Several organizations are focusing on Iraq this year, as thousands of families in the Kurdish region of northern Iraq are in desperate need of food, water and medicine, according to World Vision, an organization that provides aid around the world. More than 1.2 million Iraqis – including Christians, Yazidis and other religious and ethnic minorities have been displaced since the beginning of the year.

As the battle to retake Mosul from Islamic State intensifies, the Iraqi refugee crisis is likely to get worse.

“We are gravely concerned about increasing violence in the Middle East and its effects on children,” said Wynn Flaten, World Vision’s response director in Iraq. “It’s especially concerning that this most recent wave has targeted Christians and other minorities. We know that when religious freedom is crushed, so are many of the rights that allow children and communities to flourish.

He said that thousands of families in the Kurdish region of northern Iraq are in desperate need of food, water and medicine. Displaced families are seeking shelter in abandoned buildings, schools and churches.

The Christians in Iraq are one of the oldest continuous Christian communities in the world. Recent estimates say there are just 275,000 Christians in Iraq, down from 1.4 million in 2003.

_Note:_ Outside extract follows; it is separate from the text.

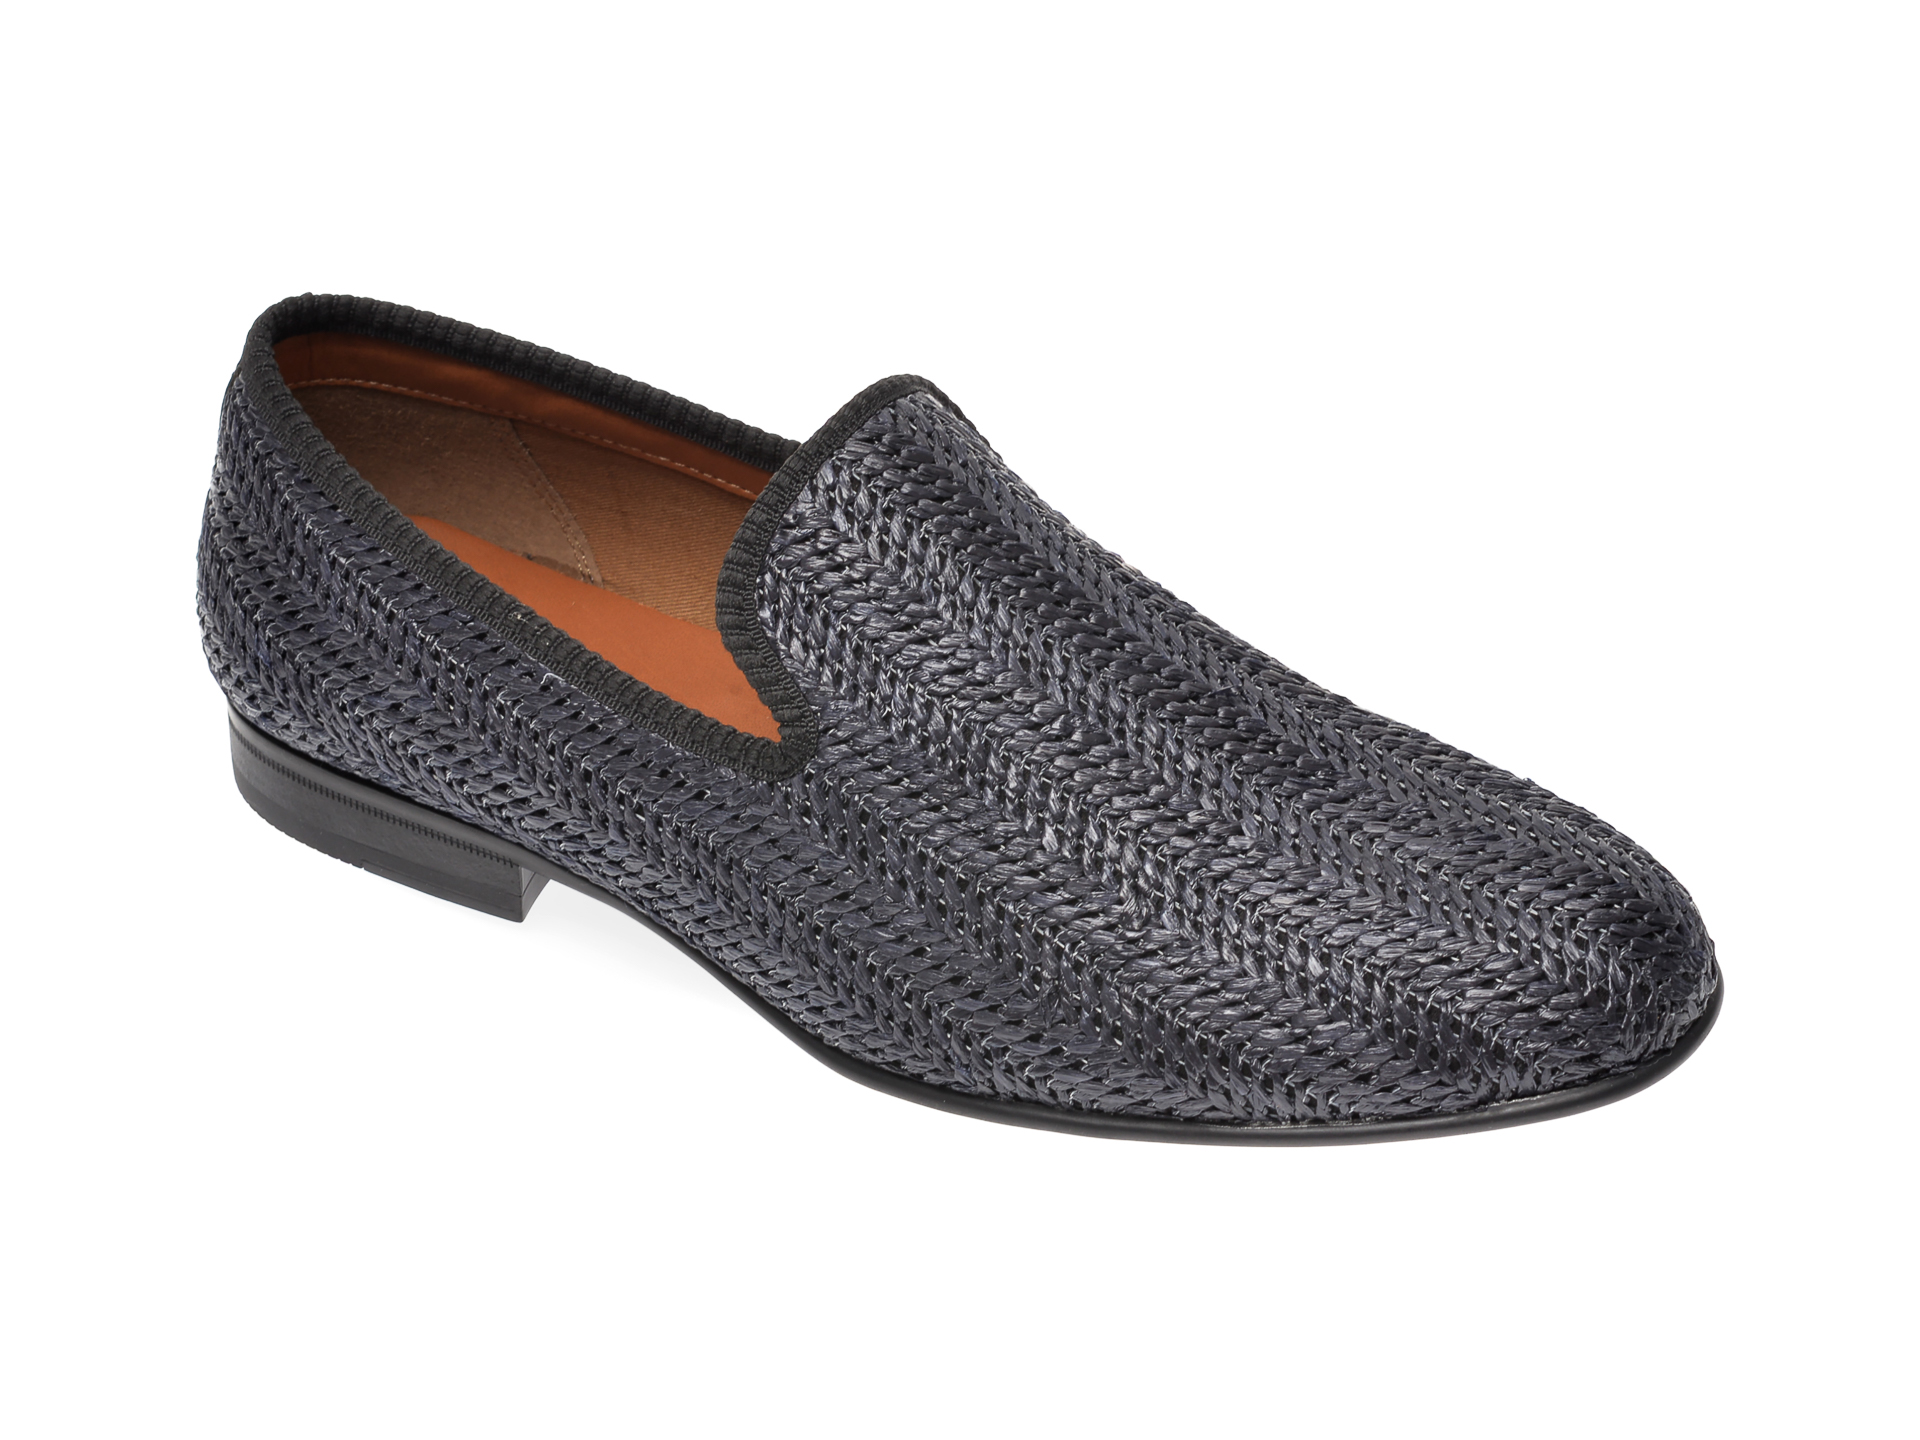 Pantofi ALDO negri, Dahlby001, din material textil
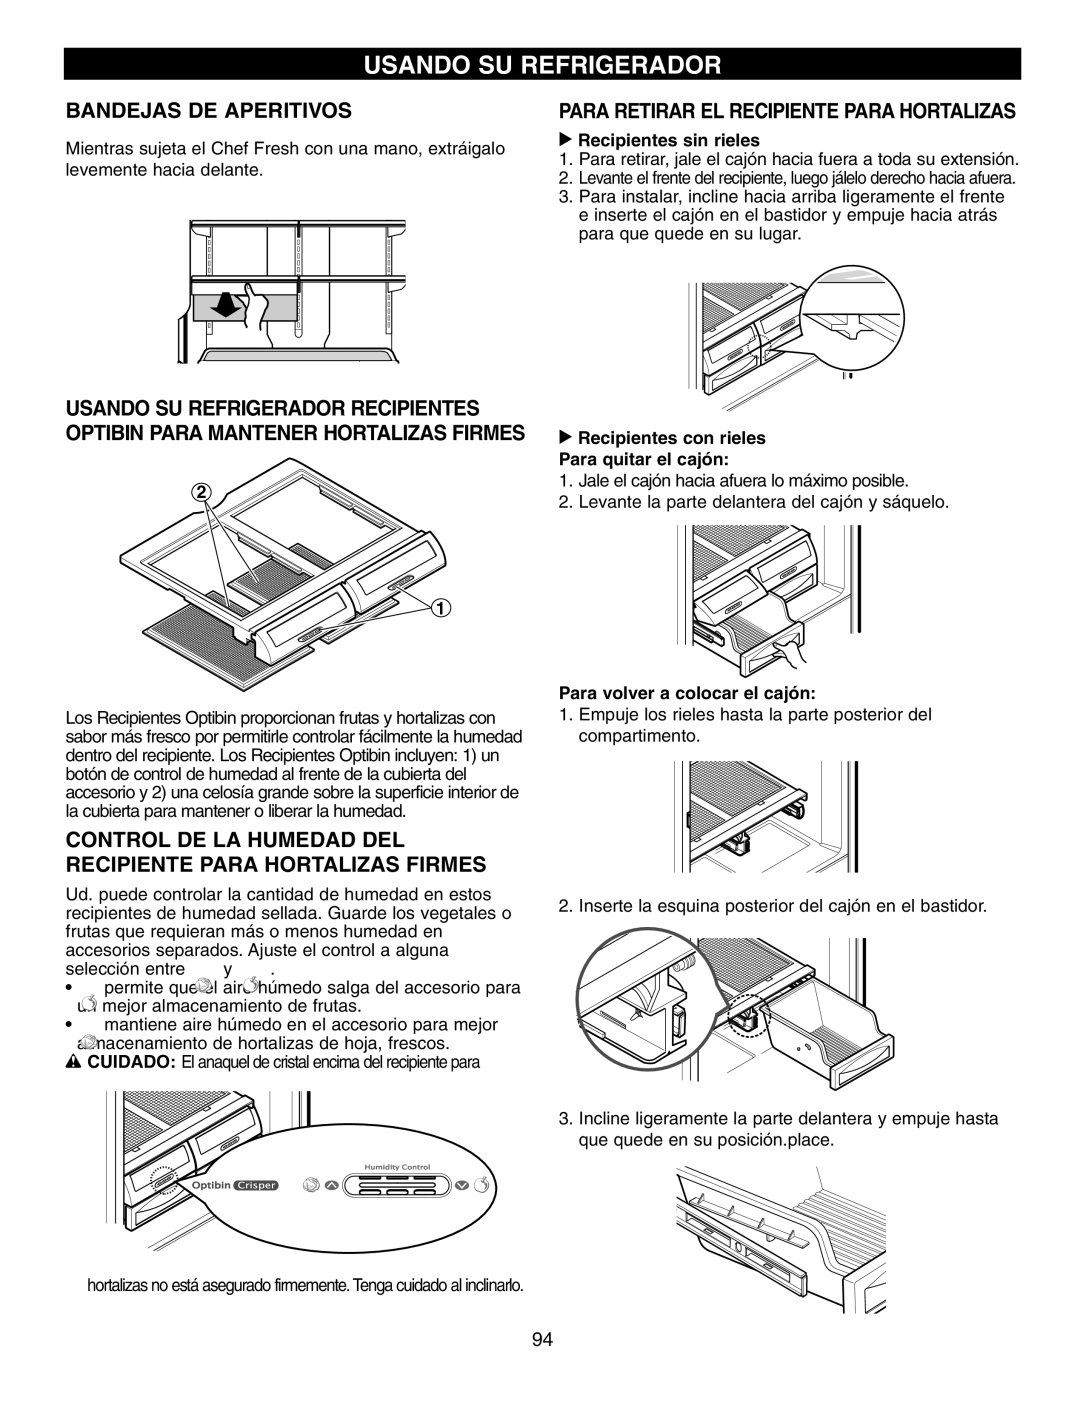 LG Electronics LFX25970 manual Usando Su Refrigerador, Bandejas De Aperitivos, Para Retirar El Recipiente Para Hortalizas

Many Christian groups have focused efforts on Iraq, as this year has brought new challenges. Along with supporting refugees in Iraq, the Foundation for Relief and Reconciliation in the Middle East also supports 500 Iraqi refugee families in Jordan.

The Jordanian government does not allow refugees to work, so the Foundation provides shelter, food (by giving weekly vouchers to grocery stores) and free health care, including prescriptions. The group also founed a school in Marka, a suburb of Amman, which educates 175 students.

Throughout the Middle East Christians are believed to make up about five percent of the population of the Middle East, down from 20 percent at the beginning of the 20th century. The two countries with the largest population of Christians are Lebanon, where about 40 percent of the population of four million are Christian, and Egypt, where Copts make up ten percent of the population.

Earlier this month, an explosion at a Coptic cathedral killed at least 25 and wounded dozens of others.